Tais organizações têm como modelo o trabalho que foi realizado para a redução do consumo de cigarro.

A mobilização se explica. O 2º Levantamento Domiciliar sobre uso de Drogas Psicotrópicas no Brasil, feito em 2005 pela Secretaria Nacional Antidrogas, mostrou que 12,3% dos entrevistados com idade entre 12 e 65 anos são dependentes do álcool.

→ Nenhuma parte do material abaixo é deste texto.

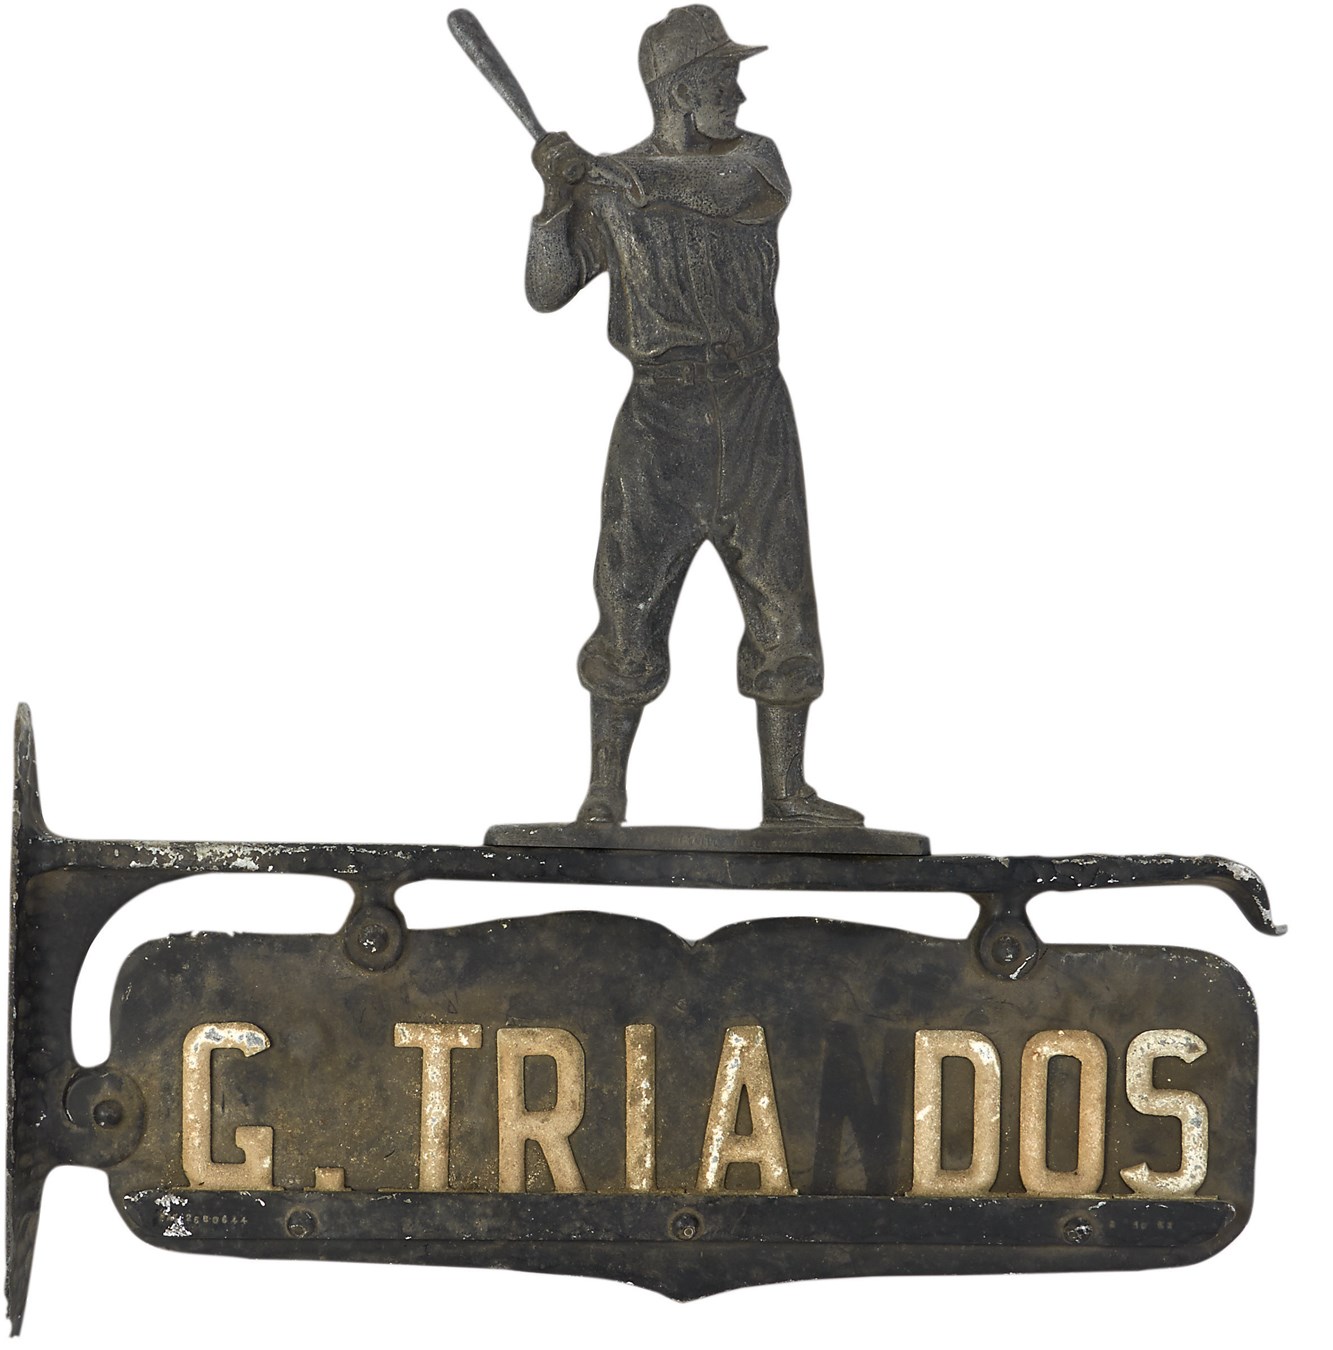 Stadium Artifacts - Gus Triandos House Sign

O trabalho mostrou ainda que, dos 7.939 entrevistados, 74,6% já haviam bebido alguma vez na vida. Uma grande preocupação de especialistas foi reforçada pelos resultados da pesquisa: a tendência de um consumo cada vez mais elevado entre jovens.

MEDIDAS

Casos específicos: Um conjunto de medidas, principalmente na área da saúde, será voltado a povos indígenas e pessoas que vivem em assentamentos de reforma agrária

Propaganda: Caberá à Anvisa publicar a resolução que trata da restrição da publicidade de bebida alcoólica, como cerveja

Atendimento no SUS: Haverá recomendações para a ampliação da oferta de tratamento destinado a pessoas dependentes de álcool na rede pública por meio do Sistema Único de Saúde

Levantamentos: O governo federal quer realizar uma nova pesquisa de comportamento para ver os reflexos do consumo de álcool nos acidentes de trânsito no País

Outras ações: Os ministérios adotarão medidas como a proibição da venda de bebidas alcoólicas ao longo de rodovias federais e a criação de mecanismos para incentivar cidades a impedir a venda de bebidas próximo a escolas

Fonte: OESP em 25-04-2007.


Empresas (de bebidas) dizem que vão recorrer à Justiça

Segundo estudo levado ao Congresso, propaganda não influencia consumo

Marili Ribeiro

A indústria de bebidas - em particular as cervejarias -, defende que nenhuma medida regulatória do governo poderá se sobrepor à lei vigente para o segmento. Independentemente do rigor que vier a constar dos atos administrativos, as associações e entidades representativas dos fabricantes invocam o direito de recorrer ao Judiciário. 'Nada pode ser feito que não esteja previsto em lei', insiste um alto executivo da indústria cervejeira que prefere o anonimato até conhecer o teor do decreto presidencial.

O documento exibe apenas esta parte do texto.